If you're a Kentucky Democratic Party official still reeling from the results of last year's U.S. Senate race, you might want to look away.
Forty-three percent of Democrats who voted pulled the lever for Mitch McConnell last year, according to an analysis done by the U.S. Senate majority leader's longtime pollster, Jan van LoHuisen. In some counties, that number was close to 70 percent.
McConnell's analysis of voting trends gives him a much larger advantage among Democrats than did exit polling conducted last November, which showed 19 percent of Democrats voted for the Republican incumbent instead of his Democratic challenger, Kentucky Secretary of State Alison Lundergan Grimes.
McConnell's team, looking at voting data posted by the Secretary of State's office, drew their conclusions using a method called ecological inference the process of using patterns in aggregate data to make inferences about individual-level actions. Van LoHuisen said he relied on statistical procedures and software designed by Harvard professor Gary King to enhance the accuracy of ecological inference.
Read more here: http://www.kentucky.com/2015/04/03/3782981_sam-youngman-did-4-out-of-10-kentucky.html
yeoman6987
(14,449 posts)What are they thinking. We are worried about getting Democratic voters to the polls...good. But we have to ensure they vote Democratic too. I find that hard to believe 1 in 5 Democratic voters voted for Repugs? Won't even entertain his numbers which are suicidal if true.
They voted for him they are not Dems...No other way for it to be.
SheilaT
(23,156 posts)it was widely assumed that most Republican women would cross party lines to vote for a woman, Alison Lundergan Grimes, and that didn't happen.
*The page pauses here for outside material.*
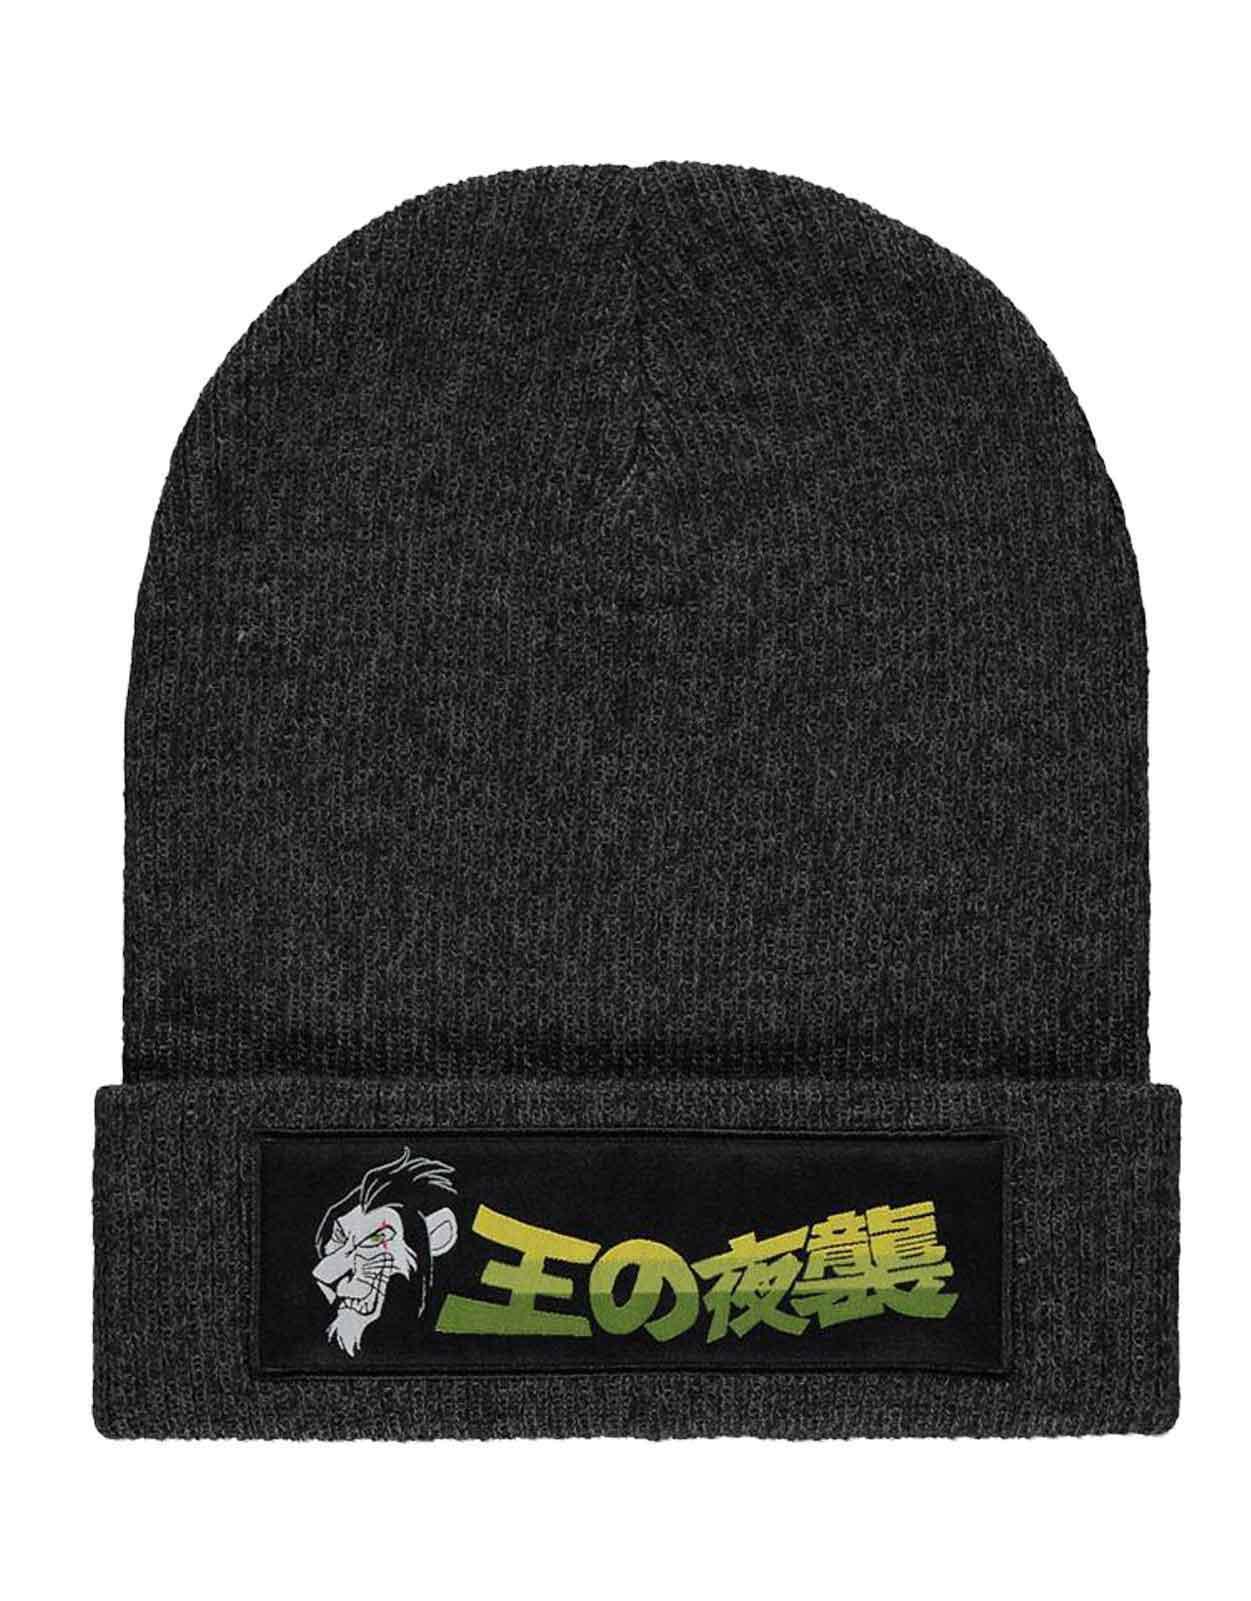 The Lion King Beanie Hat Scar Japanese logo new Official Black One Size

Grimes's loss, as well as Wendy Davis's in Texas, should make people understand that there is not as huge a yearning for women Senators, Governors, or Presidents as they think.
tularetom
(23,664 posts)When the voters have to choose between two republicans, one of whom has a "D" after their name, who can blame them for choosing the one who can steer a lot of pork their way.
MisterP
(23,730 posts)far left!
yes it's needed
fredamae
(4,458 posts)awful lot of disenfranchised, pissed off Republicans who loath the radical shift to "the crazy" in their party. Democrats do not hold any sort of monopoly on being pissed off at our leadership and leaving the party. So, many GOP switched to the Democratic Party.....but that doesn't mean they won't selectively vote for what used to be "their own".
They must have Believed McConnell's sob stories about being victimized by Reid and the Dem Senate Majority.
Even tho the new session is only a few weeks old...and in spite of the fact they've already taken Many work days off....If we miraculously got a "do-over" for the 2014 election right now, I'm guessing the outcome would be very different based upon observed GOP performance since they took Full control.
I'm sure it's much more complicated than just one "thing"...coupled with the fact the GOP is way better at lying (they call it, messaging)that may be a part of it.